Hey there folks!
People often comment to me about the way I speak and how I carry myself in a conversation. You see, I have a love for language, not only for the meaning it conveys but also for the cadence and melody it contains. I also try to be very mindful of what I do, especially what I say. So many things can be conveyed through language if you understand the nuances of meaning and structure, and I strive to communicate in as rich and textured a way as possible partially to appease my own intellectual vanity but primarily because it makes me happy.
Some people seem to take offense to this and think I am trying to flaunt or act superior. I suppose on some level I can see validity in that argument, but the truth of the matter is that these thoughts never really enter my mind. Honestly, I really do not care if the way I carry myself makes you feel bad about yourself and I am not concerned with comparisons between you and I. I speak this way because this is who I am and I know no other way of speaking. More importantly I speak this way because I believe in the importance of communication, both direct and implied.
In fact, nothing bothers me more than watching someone use language as a blunt instrument to club people over the head with. Invoking powerful words for very simple expressions can have its place, but when it becomes commonplace in ones daily speech it is comparable to using a cleaver where once you used a scalpel.
I remember one of the first times I ever expressed this opinion was in my 11th grade American literature class. As I remember we were discussing poetry, although I cannot recall the poet, and the use of the word love. Mind you, I understand love is a very powerful word and I am not going to even begin to get into the meaning of the word here. For the purposes of this discussion we can assume that love means something a little different to each person, but something ultimately very significant. Regardless, in the middle of the teachers lecture about the word and its use I raised my hand and interjected, “doesn’t using the word love too often cheapen the expression?”.

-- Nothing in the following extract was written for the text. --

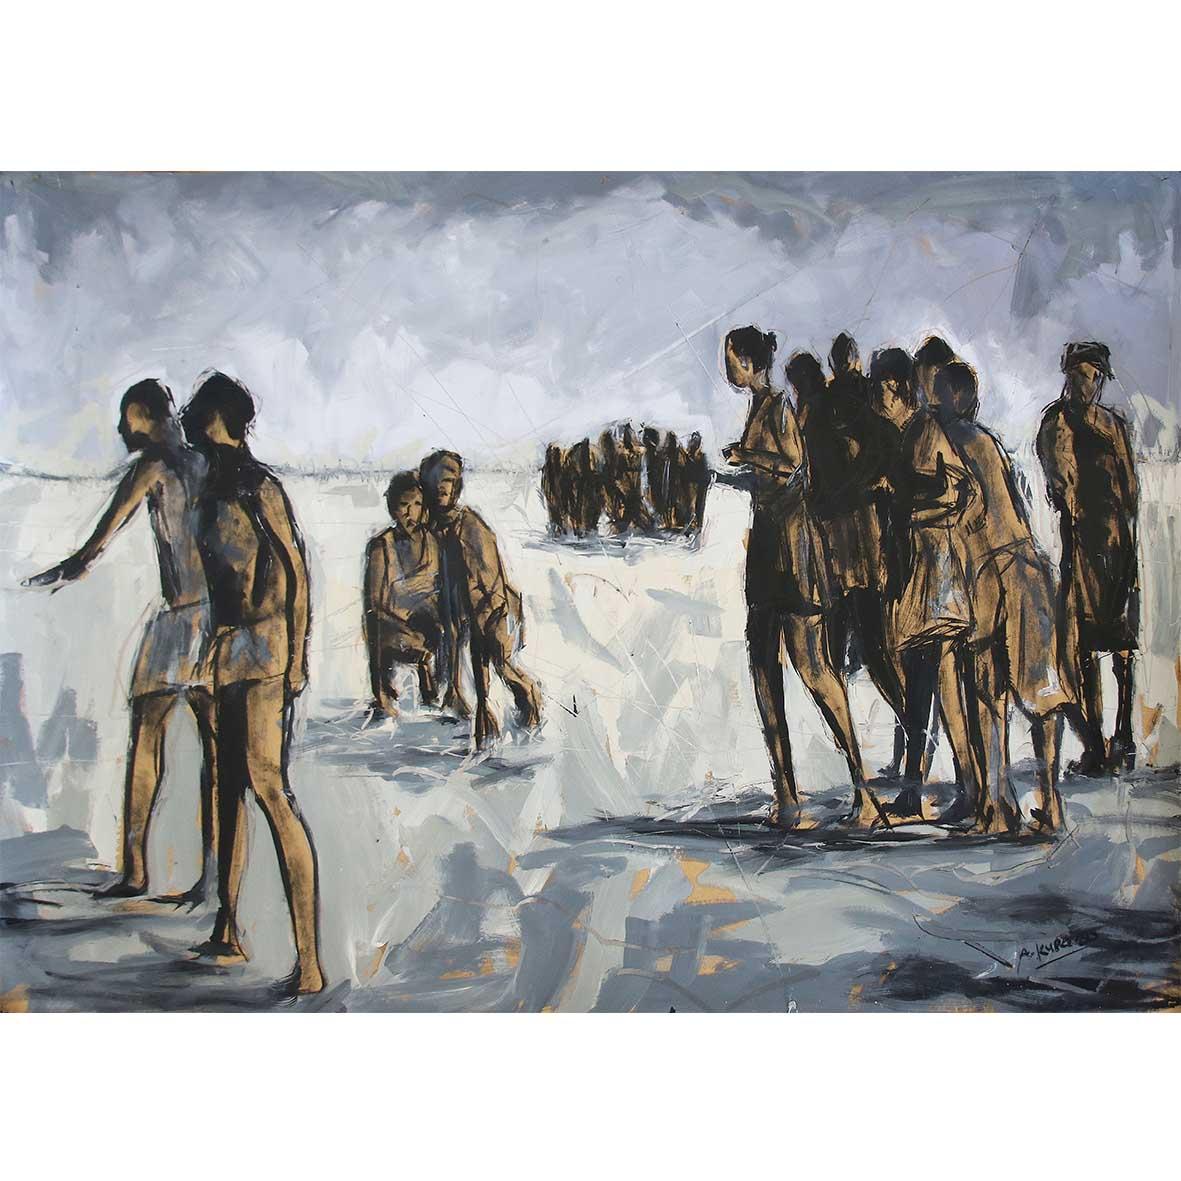 Asanda Kupa Life line Oil on paper 90 x 140 cm,

This may seem like a cold argument, but thinking in economic terms there is a direct correlation between scarcity and value. I have come to realize in my years that this idea is more complex than just supply and demand economics but the is some validity in this naïve expression of my youth.
The importance of how one speaks is not solely about the value of the expression, but also its clarity. Most deception, or at least the most effective, is not a direct verbalization of false hood but rather a muddying of the waters of understanding. If I use deliberately vague language I do not even have to construct the entire lie because those listening will do half of the work for me by processing my words through their own preconceived notions.
I very much believe in the importance of sincerity of expression and absolutely enjoy using the subtlety of language to enrich the quality of my communication. Which is to say, if I say something I mean it and the words chosen or not chosen are important to understanding my meaning. I prefer interaction that requires intellectual stimulation and I will not feel bad about this regardless of how it makes you feel. Despite what this may make me in your mind, the one thing I know for sure is this is part of what makes me the one and only Jason.